Image-to-image translation gained popularity during the last few years generating highly attractive and realistic output [8, 9, 14]. The majority of approaches require image pairs for training the image-to-image transformation models and make use of single fully-convolutional networks (FCNs) [9] or adversarial networks (ANs) [8]. Recently, the so-called cycleGAN [14] was introduced which eliminates the restriction of corresponding image pairs for training the network. The authors proposed a generative adversarial network (GAN) relying on a cycle-consistency loss which is combined with the discriminator loss (GAN loss) to perform circular trainings. That means, translations from domain A to domain B and back to domain A and the same vice versa are conducted. This GAN architecture exhibits excellent performance in image-to-image translation applications, based on unpaired training.
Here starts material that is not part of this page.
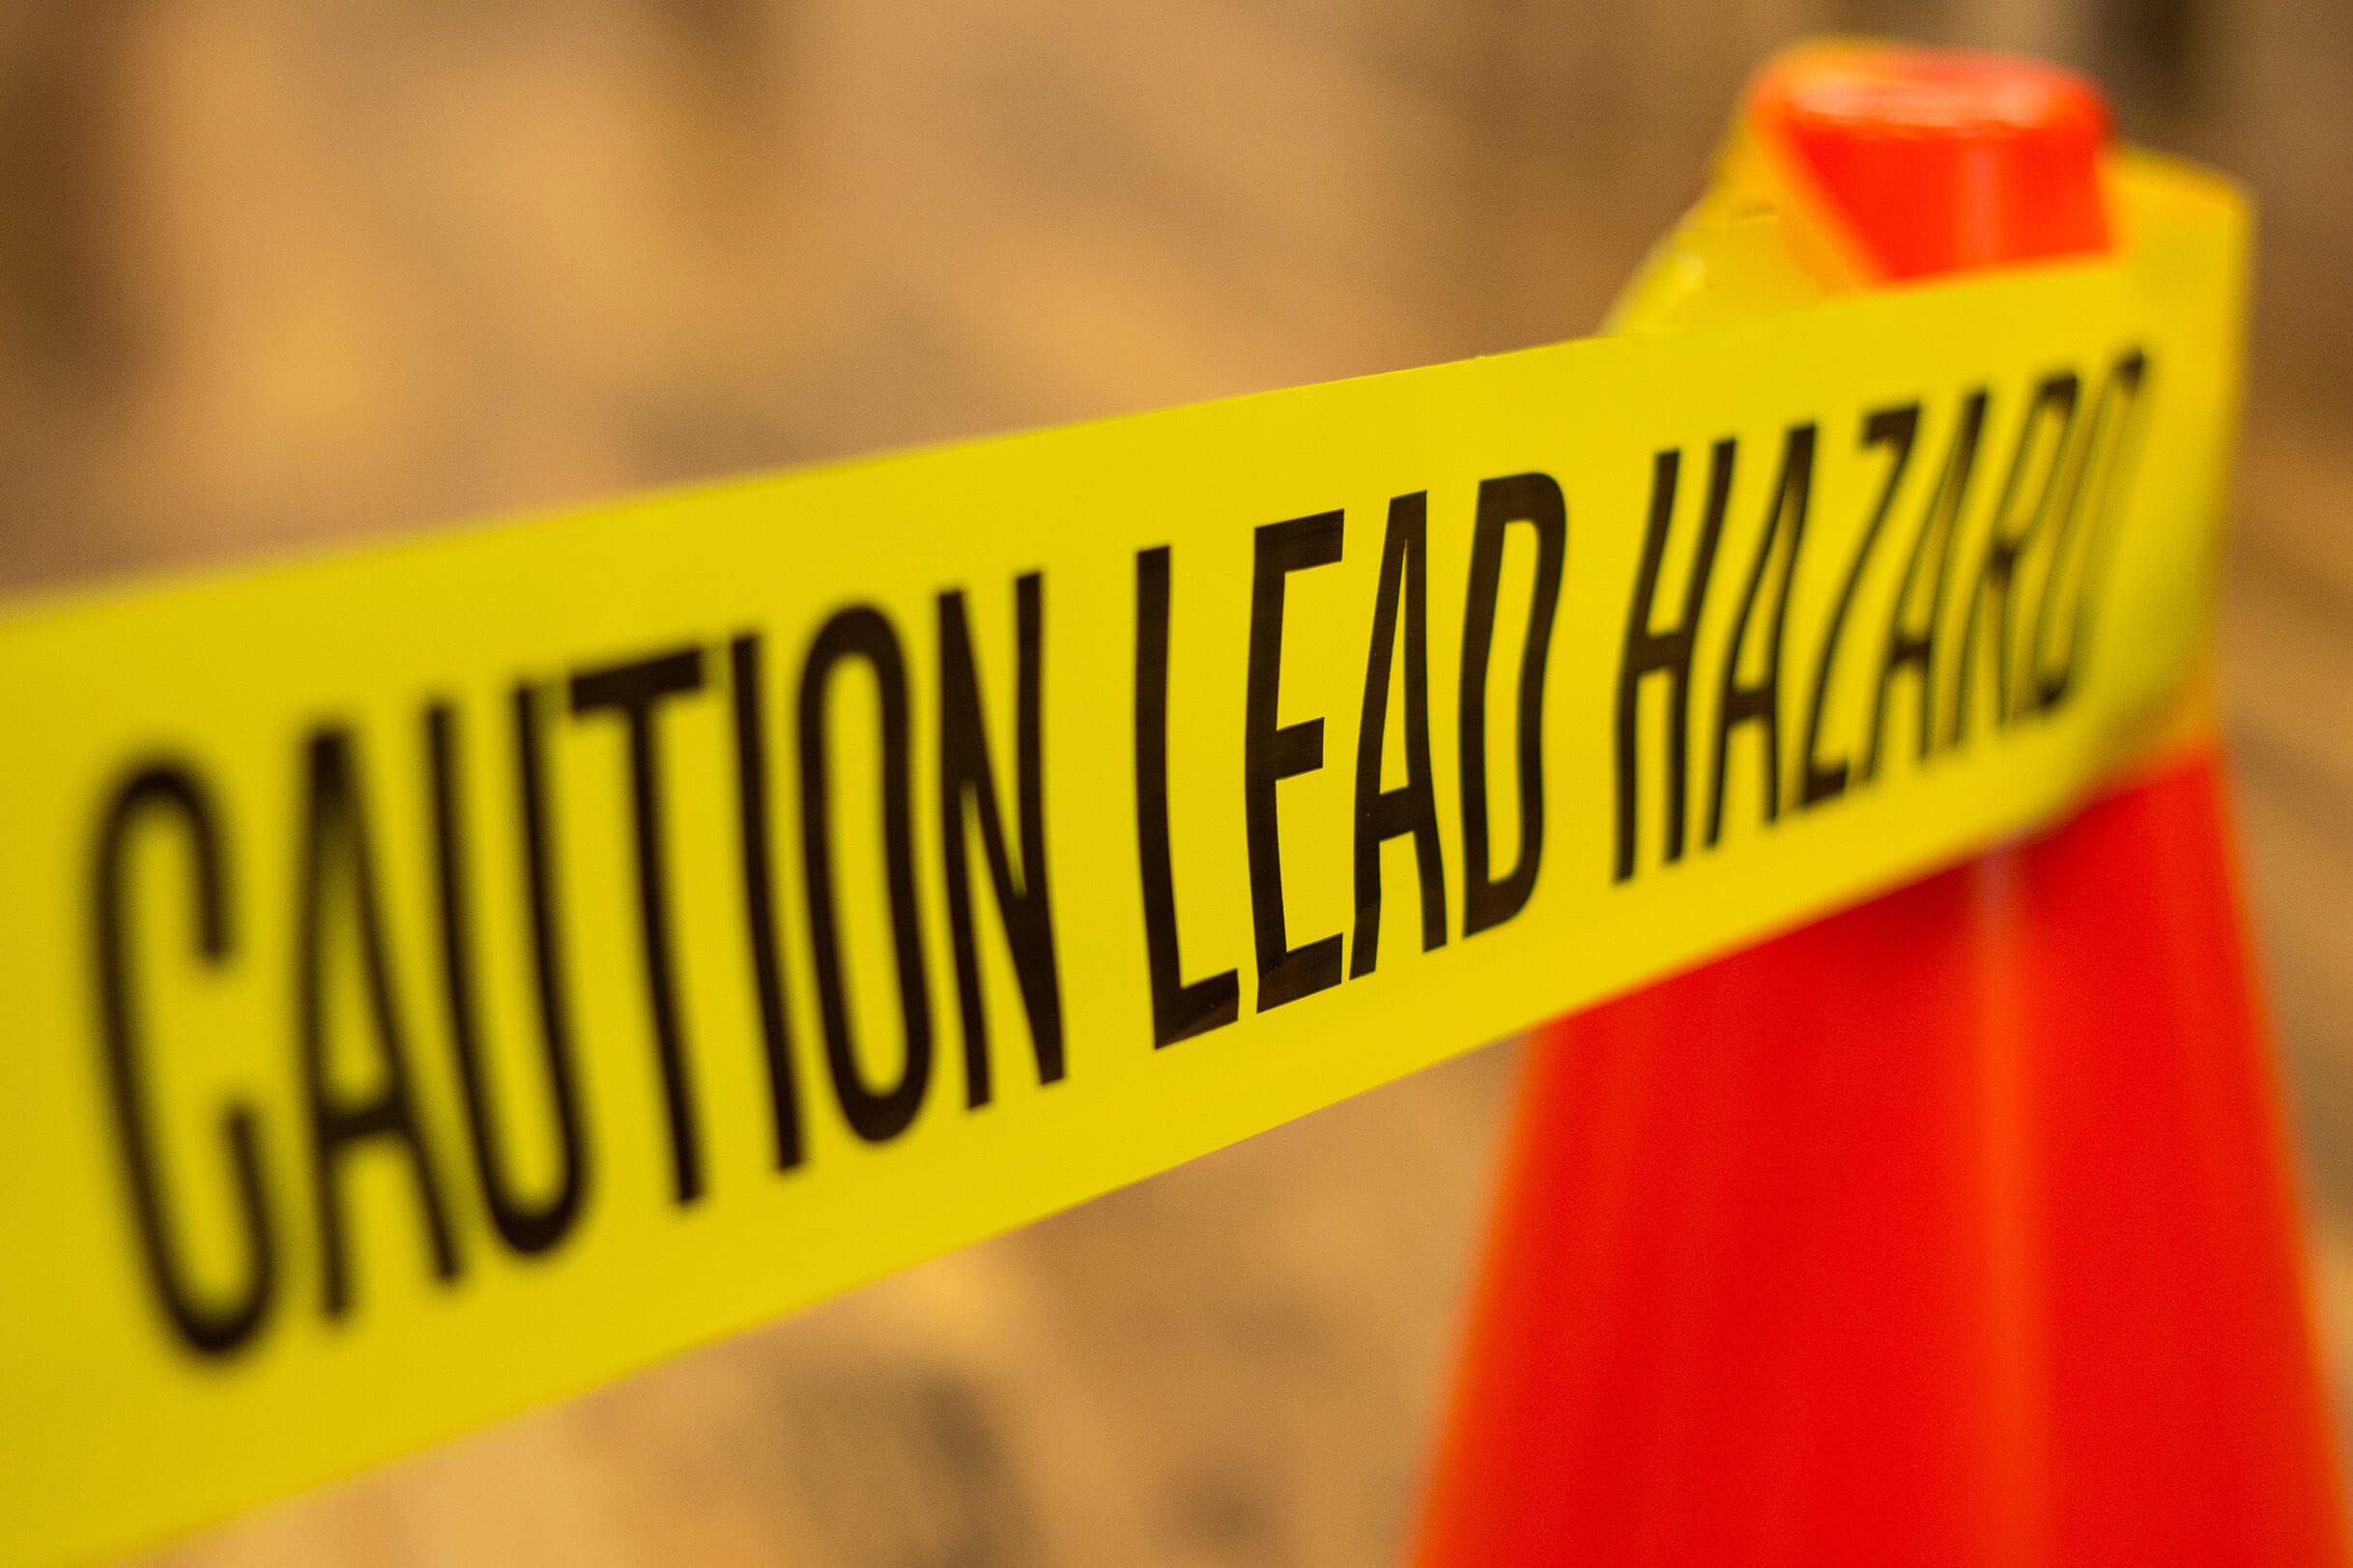 Caution lead hazard tape

As image pairs often cannot be obtained (or are at least difficult and/or expensive to achieve), this architecture opens up entirely new opportunities especially in the field of biomedical image analysis.

In this work, we investigate the applicability of image-to-image translation for image-level domain adaptation showing the following advantages: (1) image-to-image translation allows completely unsupervised domain adaptation. (2) The domain adaptation model can be trained independently of the underlying segmentation or classification problem which increases flexibility and saves computation time in case of more than one segmentation and domain adaptation tasks (compared to other methods incorporating both steps into one architecture [10]). (3) Domain adaptation is completely transparent as the intermediate representation is an image and (4) domain adaptation is typically utilized to adapt quite similar domains [3]. Domain pairs considered in image-to-image translation on the other hand are often highly divergent considering color as well as texture. Despite all of these advantages, one problem of the cycleGAN formulation is that there is no guarantee that the objects’ outline is kept stable during the adaptation process. Problems can especially occur if the underlying distribution of the objects’ shapes are dissimilar between the domains. In this case, it is very likely that GAN training leads to changed shapes as otherwise the discriminator could easily distinguish between real and fake images. If the objects’ shapes are changed during GAN training, a segmentation of the fake data and subsequently a transfer of the segmentation mask to the real image cannot be conducted without losing segmentation accuracy.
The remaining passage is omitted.